Whether or not Urfé's warning had any effect on the conclavists, from December 7, when the French cardinals landed south of Genoa, to the end of the conclave, Pole polled no more twenty-four or twenty-three votes. On December 11, four French cardinals—Guise, Charles de Bourbon, Odet de Coligny de Châtillon, and Jean du Bellay—arrived, bringing the requisite supermajority to thirty-one. Henry II bankrolled Guise with a sum of 150,000 écus, likely for bribes, and additional French cardinals began to trickle into the conclave: Georges d'Amboise and Philippe de la Chambre on December 28; Jean de Lorraine on December 31; and (the extremely elderly) Louis de Bourbon on January 14.

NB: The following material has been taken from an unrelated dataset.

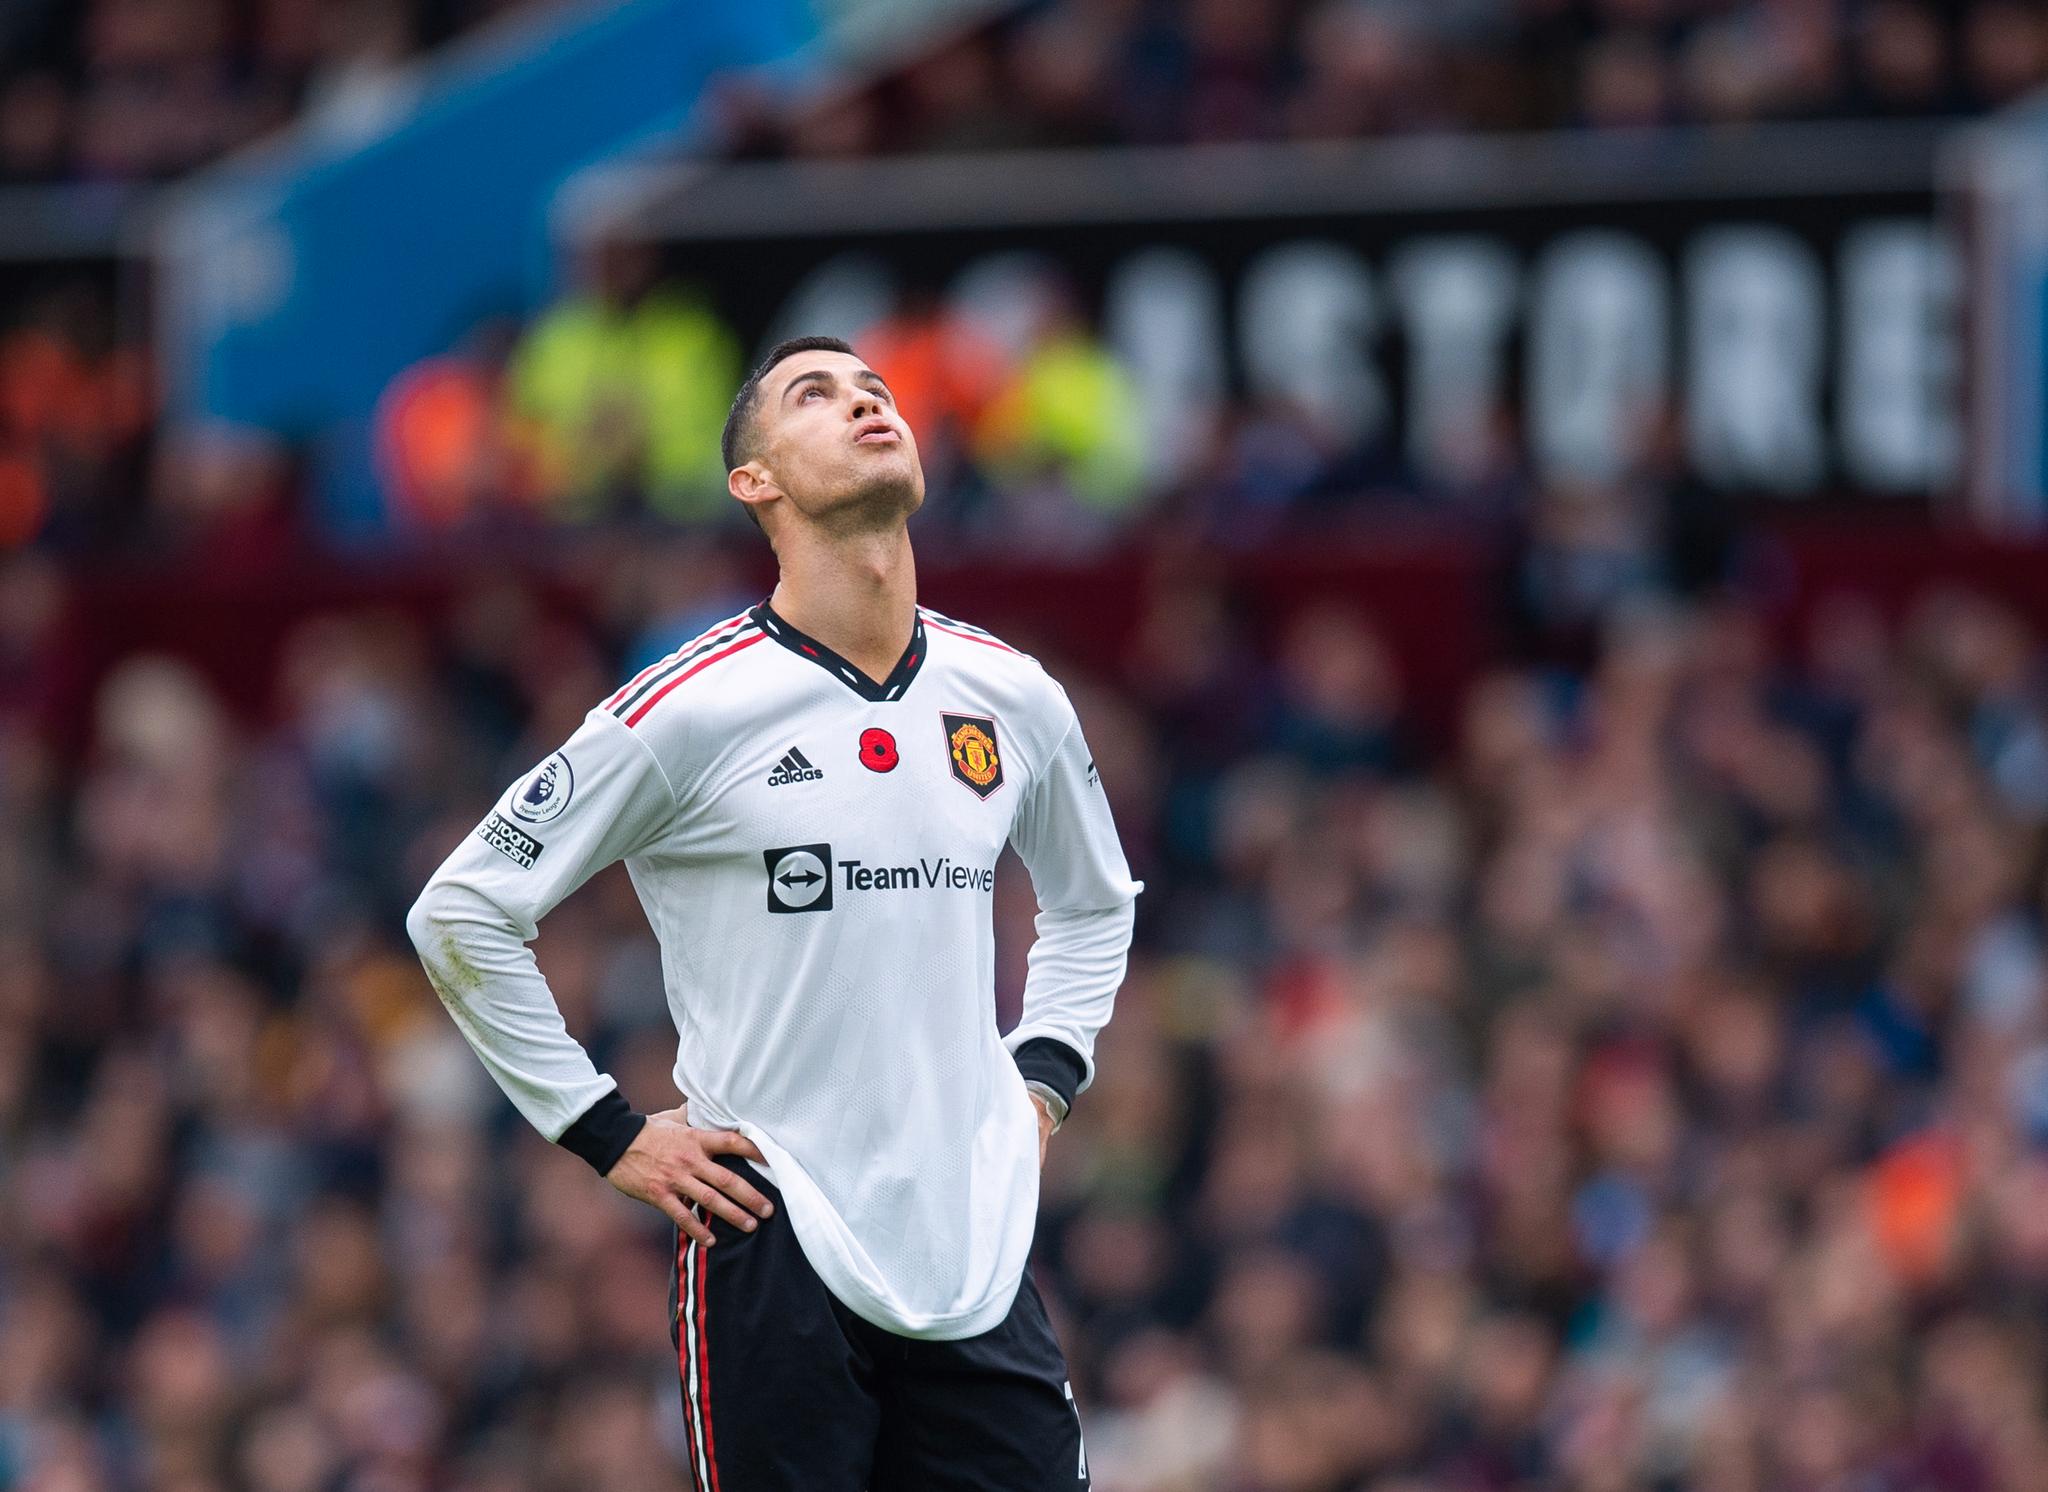 UTE – FOR GODT? Cristiano Ronaldo har vært ute av Manchester Uniteds tropp de siste to kampene. Nå skal han spille VM i Qatar for Portugal, hans femte verdensmesterskap.

By the end of January, Pole had dropped to twenty-one votes, but the French faction remained split between Carafa, de Bourbon, Lorraine, and Salviati; Este's candidacy, though desired by many in the French College, had not yet been put forward, perhaps having been held back in hopes that he would be more acceptable as the conclave dragged on. Toward the end of January, in accordance with traditional efforts to counter dilatory cardinals, the amenities and rations of the conclave were decreased and the upper story windows were closed to reduce the natural lighting and fresh air. Soon afterwards, Ridolfi—the French candidate most acceptable to Farnese—died amid accusations of poisoning on January 31.

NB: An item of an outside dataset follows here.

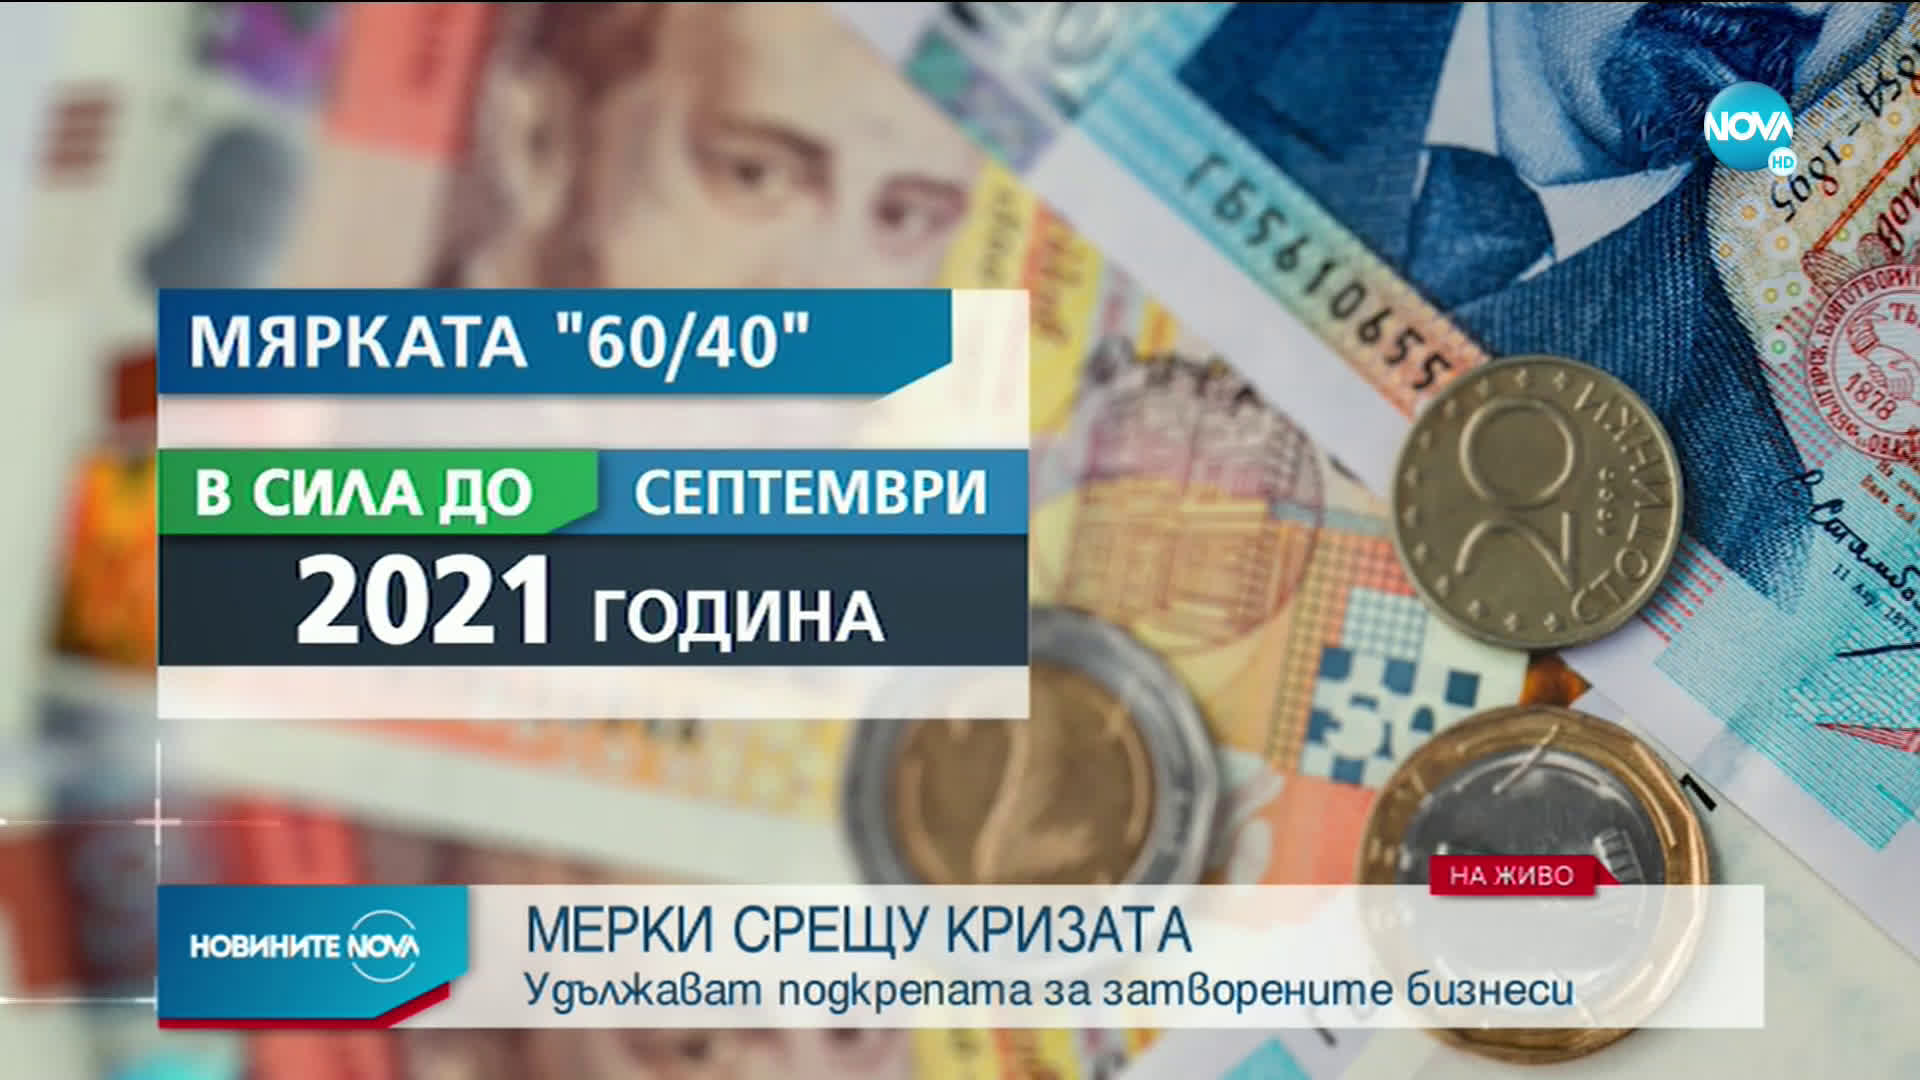 Борисов: Удължаваме мярката 60/40 до септември 2021 г.

A letter dated February 6 from Henry II, advising Guise to support a neutral candidate, never reached the conclave before its conclusion. Although Del Monte had originally been opposed by both the Imperial faction (for his role in moving the Council of Trent) and the French faction (for his plebeian genealogy and alleged personal indiscretions), he obtained the support of the French for his perceived past hostility to the Empire, the support of Farnese for his pledge to support the claim of Ottavio Farnese in Parma, and the support of a few Imperialists, having not been specifically excluded in Charles V's last letter. On February 7, on the sixty-first scrutiny of the conclave, Del Monte was "unanimously" elected and took the name Pope Julius III (forty-one cardinals had previously acquiesced to his candidacy, although the more fervent of the Imperialists had not until it was already inevitable).

==Primary sources==
The main sources for the proceedings and vote-counts of the conclave come from the accounts Enrico Dandolo of Venice, Simon Renard (the Imperial ambassador to France), and Diego de Mendoza (ambassador to Charles V), the correspondences between Henry II and Guise and d'Este, and the diaries of the various conclavists. In particular, Angelo Massarelli, the secretary of Marcello Cervini, devotes his entire fifth diary to the conclave.

===The papabili===

Before and during the conclave, many Roman bankers offered betting spreads on the papabili (cardinals likely to be elected). According to Dandolo, "it is more than clear that the merchants are very well informed about the state of the poll, and that the cardinals' attendants in Conclave go partners with them in wagers, which thus causes many tens of thousands of crowns to change hands" (an early example of insider trading).

Cardinal del Monte (who was eventually elected Julius III) had started out as the favorite at 1 to 5, trailed by Salviati, Ridolfi, and Pole, but Pole was the favorite three days later at 1 to 4. By December 5, Pole's odds had risen to 95 to 100. With the arrival of four additional French cardinals on December 11, Pole's odds fell to 2 to 5. On January 22, the odds quoted against the conclave finishing during January were 9 to 10, against February: 1 to 2, against March: 1 to 5, and never: 1 to 10.